A. Resources with states. The information stored in the resources belong to the processing state or the program context. When a resource is included into the processing state, this has the following consequences:
- a) The information stored in the resource is to be saved in the case of interruptions, task switching etc. and, at a later time, to be restored (requires corresponding access paths etc. and increases latency of the context switching).
- b) The memory means (registers etc.) in the resources are adequate memories in the sense of programming models; it is possible to keep variables, intermediate results etc. in the resources alone.
- c) Results can be fed back to inputs of the same resource (INOUT parameter; FIG. 91).
- d) Concatenation can be used without restrictions.
- e) Interruptions, task switching etc. can be carried out anytime, i.e. without having to consider the internal processing state of the resources (all processing operations that take longer (e.g., than a few microseconds) can be interrupted anytime).
- If concatenation is applied to the extreme, there are practically no local variables that must be especially saved in the corresponding memory areas (for example, stack frames). Also, the corresponding transport instructions for storing and fetching again of intermediate results (a-operators and p-operators) are no longer required.
B. Stateless resources. These resources are not included into the processing state. A resource is referred to as stateless when it does not store its parameters beyond the respective actual processing operation; in other words, it is essentially acting as a combinational circuit. This has the following consequences:
- a) The information stored in the resource are not saved when interruptions, task switching etc. occurs (corresponding access paths are not required, the latency of the context switching is comparatively small).
- b) All variables, intermediate results etc. are to be kept within the main memory (system memory).
- c) There are no parameters that at the same time are inputs and outputs (INOUT). No input can be read back, no output can be overwritten (by entering operands).
- d) Concatenation can be used only to a limited extent (for example, for fetching operands and for storing results).
- e) Before initiating a y-operator all inputs must be always entered anew. This concerns also those values that are unchanged since the previous y-operator.
- f) Interruptions or task switching can take place only after the results of the processing operations triggered in the resources have been transferred into the main memory. Also, all operations that have been initiated by concatenation must have been terminated. No processing operation is interruptible in itself.

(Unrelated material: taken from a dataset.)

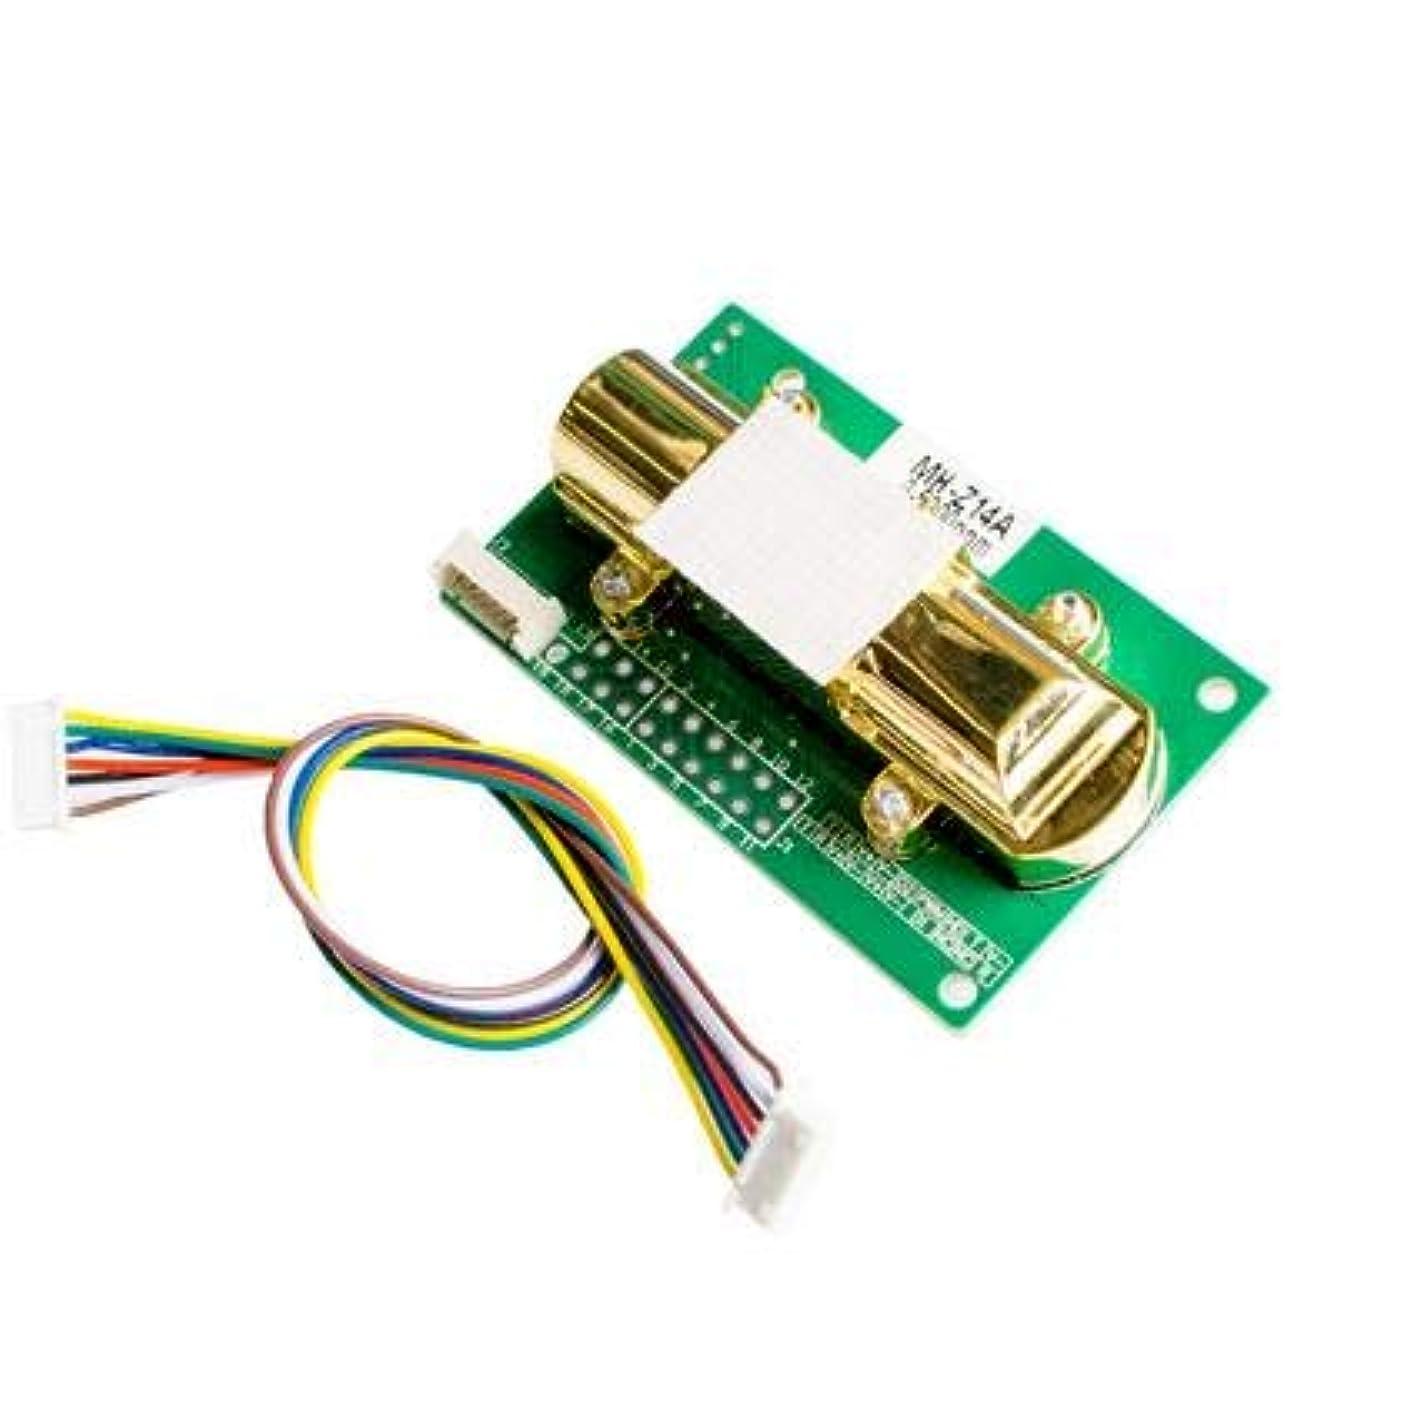 帝国主義わざわざ失業WillBest MH-Z14A Infrared carbon dioxide sensor module output environment monitoring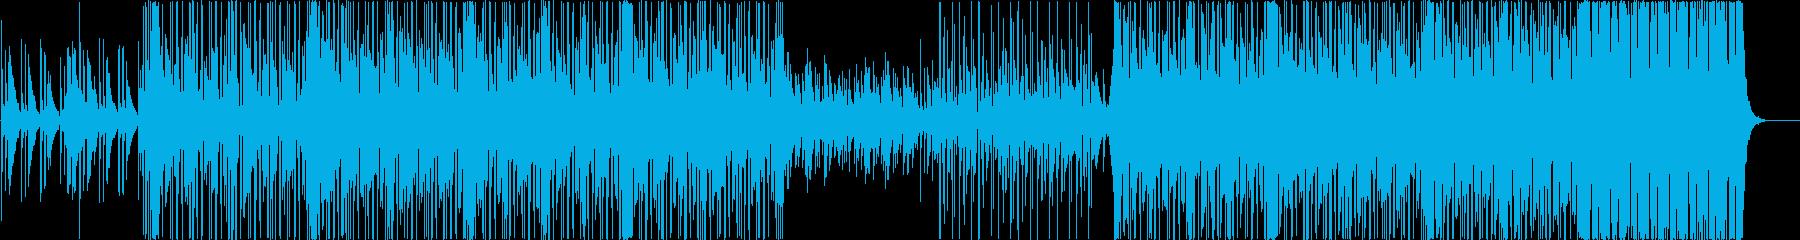 【メロディ抜き】三味線とバイオリンの和風の再生済みの波形

FIG. 91 illustrates two variants of resources with states:

a) a result is used in the next processing operation as an operand (feedback),

b) this parameter is operand as well as result (type INOUT).

The selection of the configuration typically depends on whether primarily short latency or high processing efficiency is important. The problem in question occurs only when the resources are to be used for multiple purposes, for example, for interrupt handling or for execution of several tasks at the same time (time slicing).

Resources with states require time for saving and restoring but the processing operations are interruptible at any time and during processing fewer memory accesses must be performed. When the resources are stateless, saving and restoring are not needed, but the processing operations are not interruptible and, overall, more memory access operations are required.

When minimal latency is required, it must be examined which takes longer: saving and restoring or terminating all processing operation including the additional memory access operations for fetching operands and for saving the results.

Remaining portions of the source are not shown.